Ведь родители обладают таким безграничным отсутствием такта, что спокойненько могут запретить тебе выходить из дома в тот самый вечер, который станет решающим в битве за Великого Мумрика. Да и вообще родители прискорбно мало разбираются во всех этих Великих Мумриках, даже если в их собственных детских воспоминаниях о Прерии, словно случайная полоска света, брезжит иногда искра их былого, ныне померкнувшего разума.

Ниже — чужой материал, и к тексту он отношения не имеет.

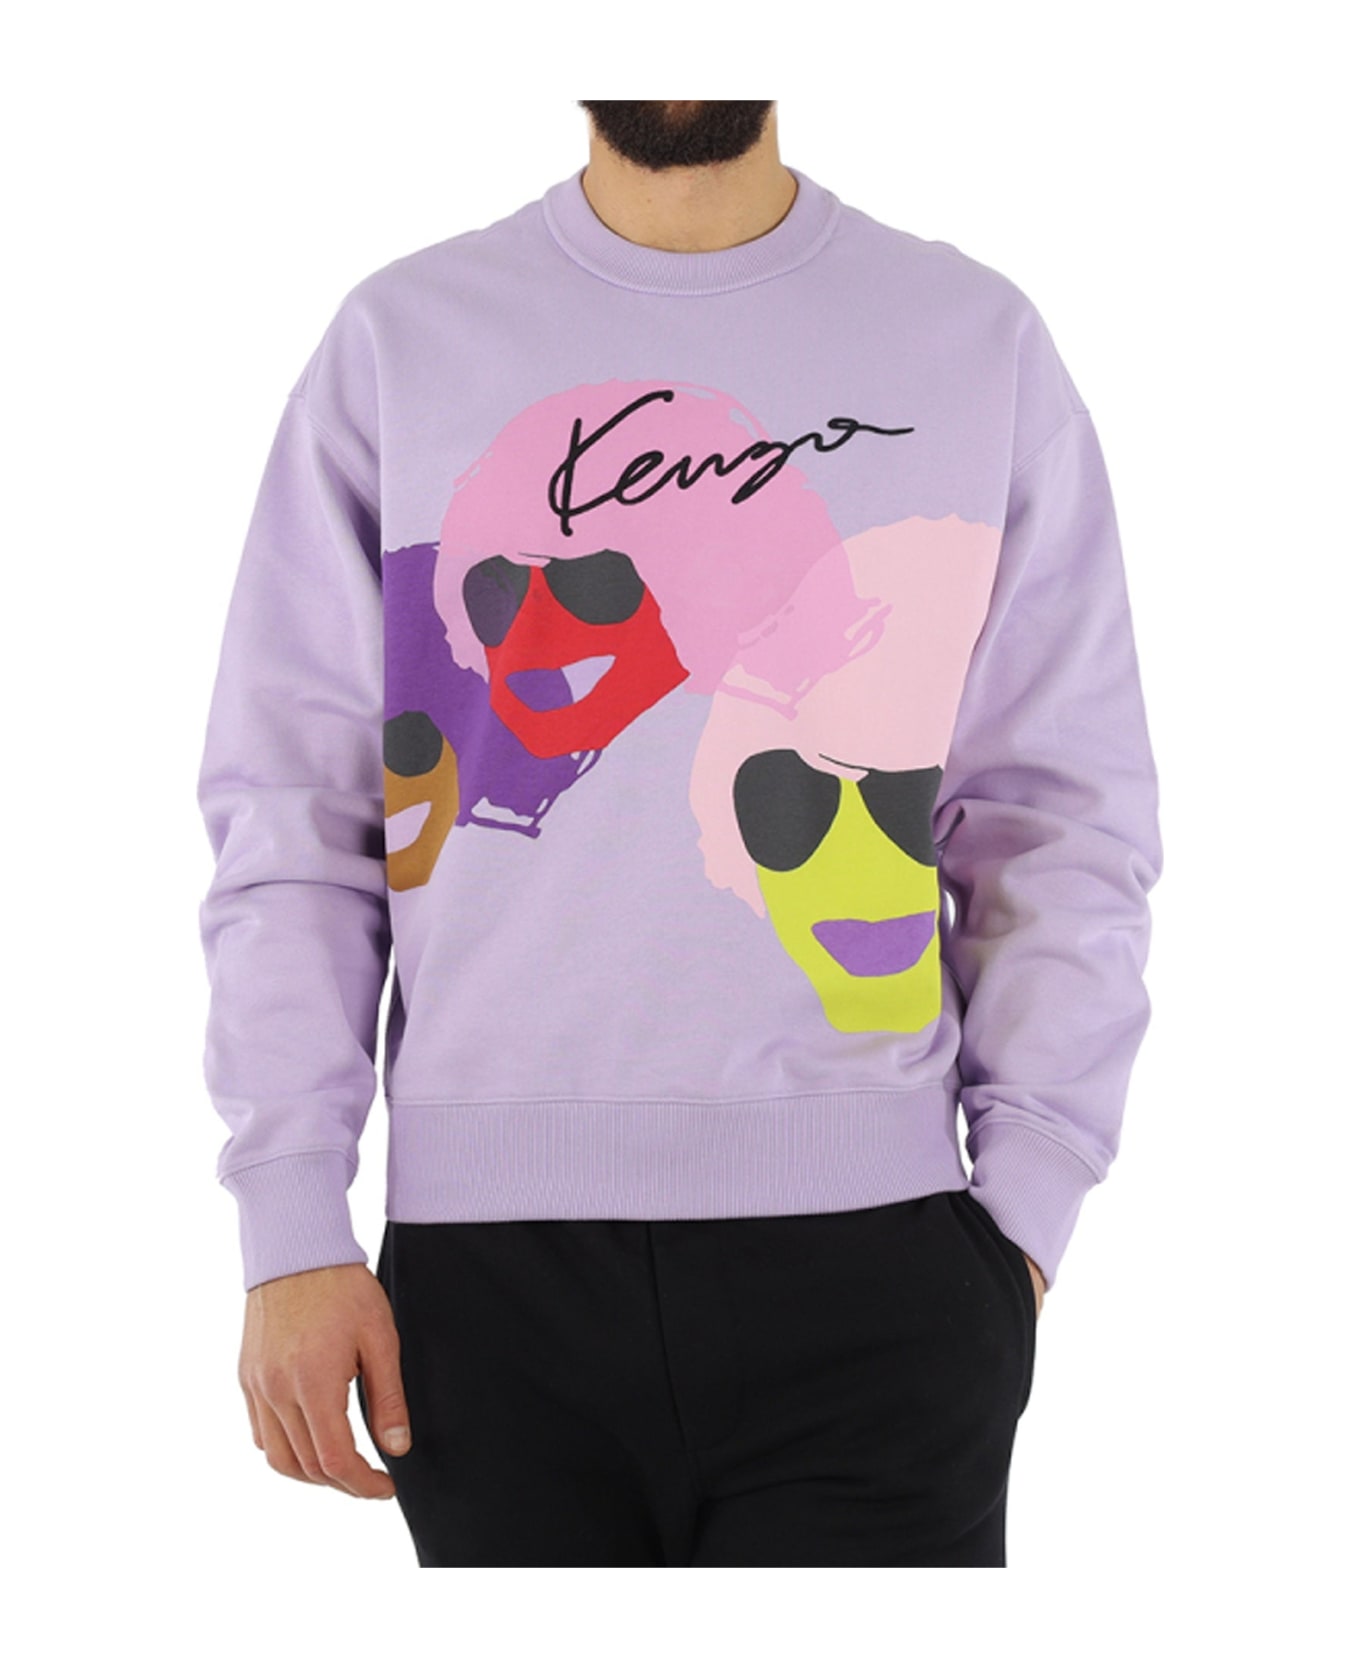 Kenzo Graphic Oversize Sweatshirt - Lilac

Когда Алые ушли вместе с Андерсом, оставив Калле и Еву Лотту запертыми в пустой комнате необитаемого дома умирать с голоду, то это, следовательно, означало лишь то, что они будут умирать примерно два часа или, другими словами, до семи часов вечера. В семь часов как у бакалейщика Блумквиста, так и у пекаря Лисандера, да и в других домах городка, обильно и питательно обедали. За некоторое время до рокового удара часов Сикстен пошлет Венку или Юнте крайне тихо открыть дверь пленникам. Поэтому Калле и Ева Лотта с непоколебимым спокойствием смотрели в глаза голодной смерти. Но быть запертыми таким гнусным образом казалось им оскорбительным. Кроме того, это означало окончательную, сокрушительную победу Алых. Их превосходство именно сейчас, когда они взяли в плен и увели с собой предводителя Белых Роз, было, по правде говоря, катастрофическим. И даже то, что Великим Мумриком владели теперь Белые Розы, не могло уравновесить этот позор.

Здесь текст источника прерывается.